Sundaram Mutual Fund’s (MF’s) proposal to side-pocket debentures of Dewan Housing Finance Corporation (DHFL) nearly 90 days after the ‘credit event’ had led to confusion among other fund houses, as the mechanism could not be invoked even a day after the credit event unless the regulator agreed to a one-time relaxation.
Sundaram MF, however, on Wednesday night issued a note to clarify that it won’t be going ahead with the move as it was not in line with the norms laid down by the Securities and Exchange Board of India (Sebi).
“Some fund houses have been asking Sebi to allow them one-time relaxation to side-pocket DHFL papers. But as the credit event as defined by the regulator has already lapsed, we are unable to side-pocket it. So, Sundaram MF’s proposal came as a surprise,” said senior executive of a fund house.
After the recent board meeting, Sebi Chairman Ajay Tyagi said, “Side-pocketing guidelines were introduced in December. It is not mandatory and MFs know how to go about it. They don’t need any guidance. I have nothing to say on a specific case.” Tyagi was responding to a question on allowing relaxation to MFs to use side-pocket in the case of DHFL.
According to Sebi’s December circular, a credit event is when a company’s debt papers are downgraded to below-investment grade. The non-convertible debentures (NCDs) held by Sundaram MF were downgraded from ‘BBB-’ (investment grade) to ‘D’ or default grade on June 5, 2019. Sebi’s norms indicate that the decision to side-pocket has to be taken on this day of the credit event.

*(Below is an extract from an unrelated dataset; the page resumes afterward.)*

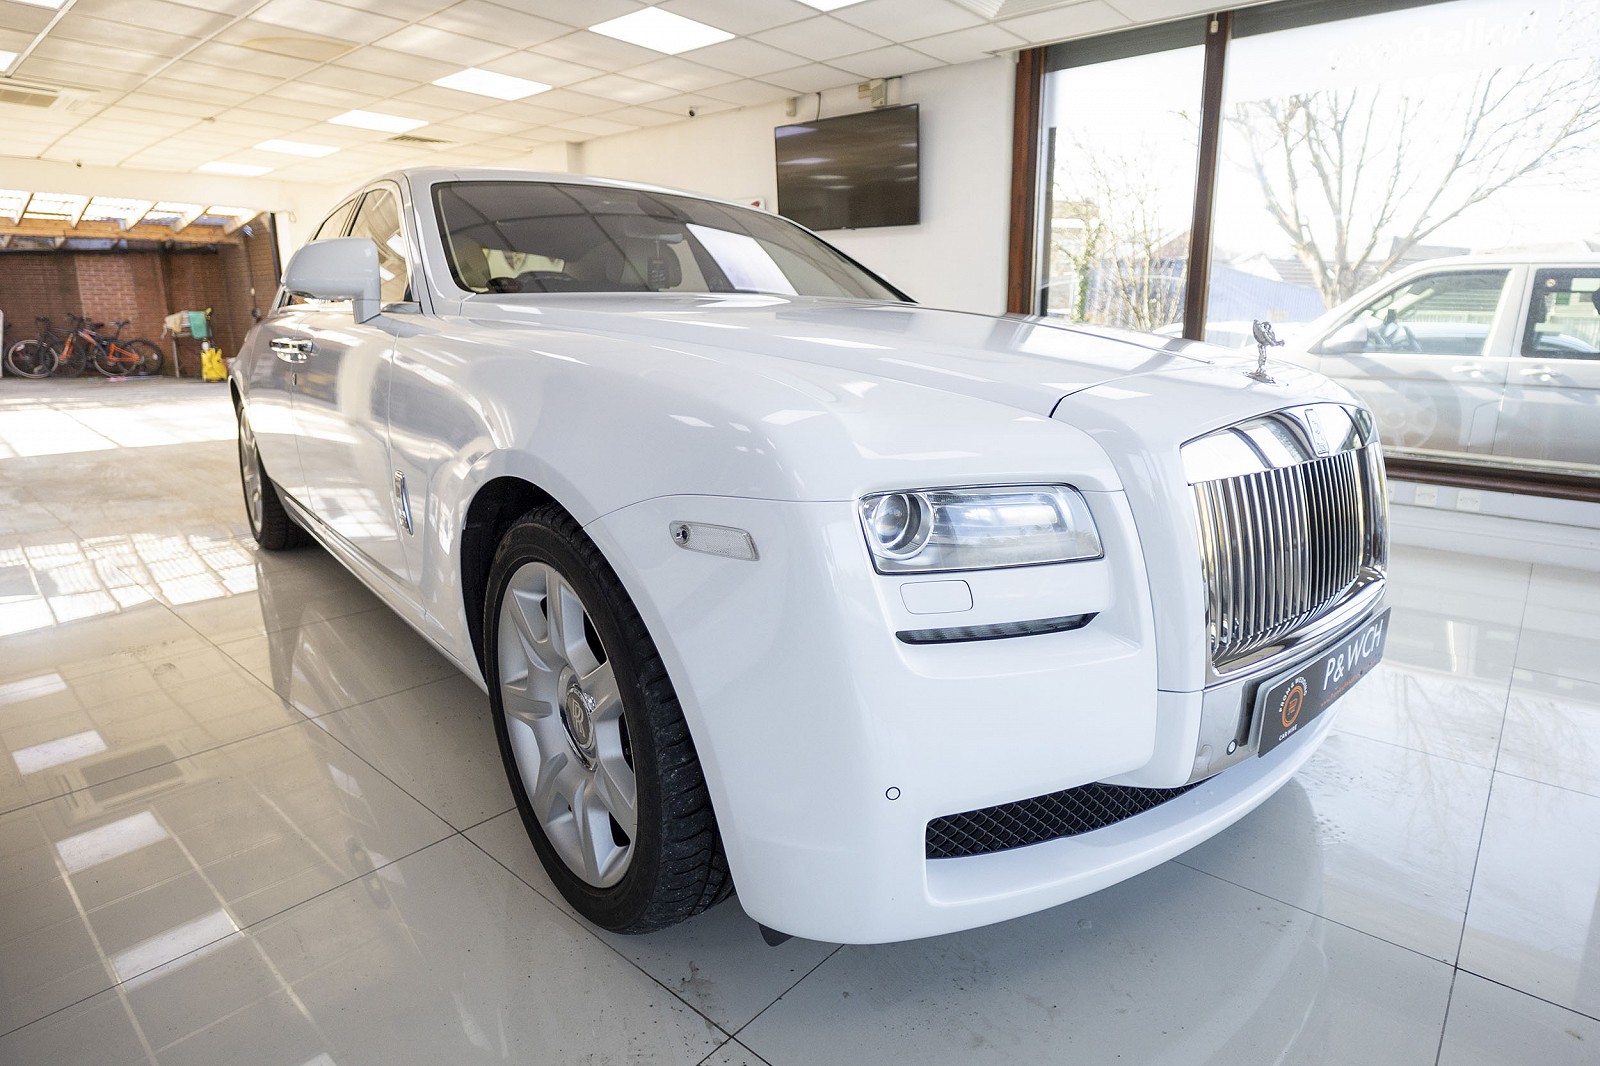 Grey Rolls Royce Phantom Prom Car Hire  Luxury Car Hire

However, Sundaram MF in an earlier notice had mentioned August 16, 2019 — the date of default — and didn’t make any mention of the date of downgrade to below-investment grade. The segregated portfolio was to come into effect on August 30, 2019.

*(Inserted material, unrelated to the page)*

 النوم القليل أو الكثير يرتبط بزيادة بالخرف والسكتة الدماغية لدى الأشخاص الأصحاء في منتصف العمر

In the same note, Sundaram MF also disclosed it had fully written off Rs 52.2 crore of interest and principal related to DHFL NCDs held in its schemes. The move followed DHFL’s default on certain NCDs that matured on August 16. Four schemes of the fund house had exposures to the debentures of the troubled housing finance company. These included Sundaram short-term debt fund, low-duration fund, short-term credit risk fund, and debt-oriented hybrid fund.
Overall, 160 MF schemes were exposed to DHFL as of May-end, with the industry’s aggregate exposure at Rs 4,200 crore. In June, the entire industry took sharp markdowns on DHFL exposures after rating agencies downgraded the firm’s debt papers to ‘D’ following a default.